Giriş
Servet dağılımındaki eşitsizlik, günümüz dünyasının en kritik ve karmaşık sorunlarından biridir. Ekonomik bir olgu olmanın ötesinde, bireylerin yaşam kalitesini, toplumsal yapıyı ve hatta siyasi istikrarı derinden etkileyen çok boyutlu bir konudur. Bu eşitsizlik, yalnızca maddi bir uçurumu ifade etmekle kalmaz; aynı zamanda insanların yaşam biçimlerini, psikolojik durumlarını ve toplumsal ilişkilerini de şekillendirir.

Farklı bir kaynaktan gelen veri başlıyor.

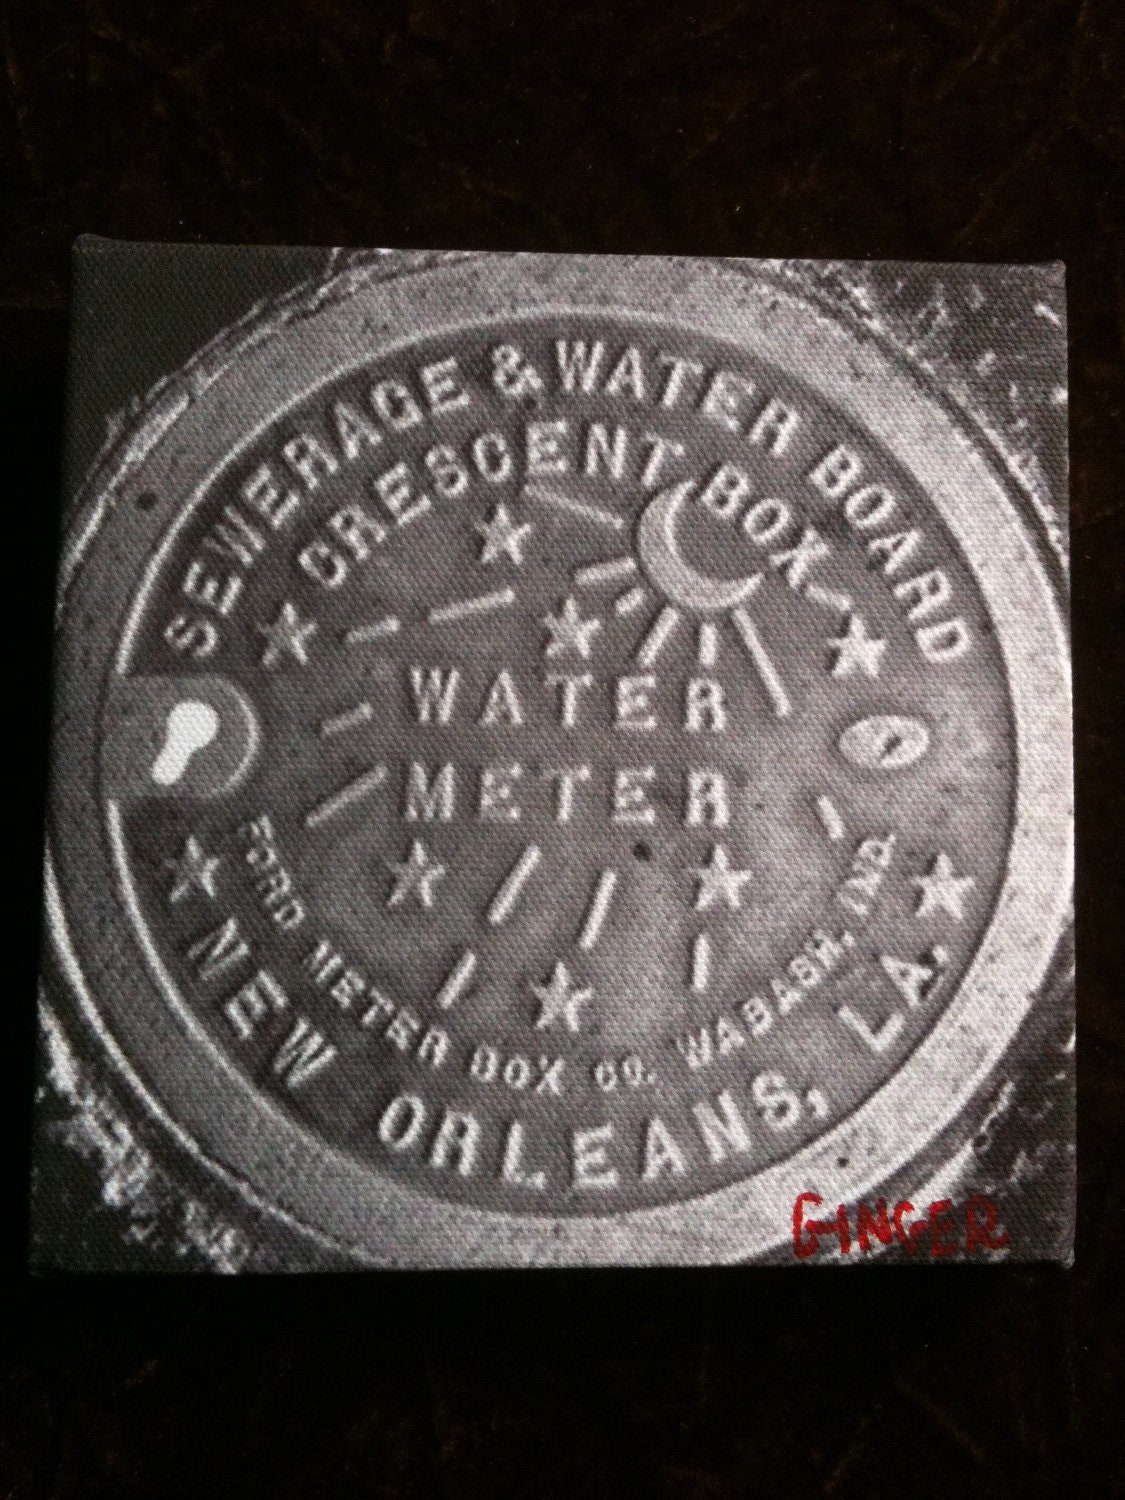 New Orleans Water Meter Painting by French Quarter Artist

Son yıllarda yapılan çeşitli raporlar ve araştırmalar, küresel servetin giderek daha küçük bir kesimde toplandığını ve bu durumun yol açtığı sosyolojik ve psikolojik etkilerin toplumsal huzursuzluğu artırabileceğini ve adalet algısını zedeleyebileceğini gözler önüne sermektedir. Bu blog yazısında, mevcut servet dağılımının çarpıcı tablosunu ortaya koymak, bu durumun sosyolojik ve psikolojik etkilerini incelemek ve nihayetinde toplumsal huzursuzluk ve adalet sorunları üzerindeki yansımalarını değerlendirmek amaçlanmaktadır.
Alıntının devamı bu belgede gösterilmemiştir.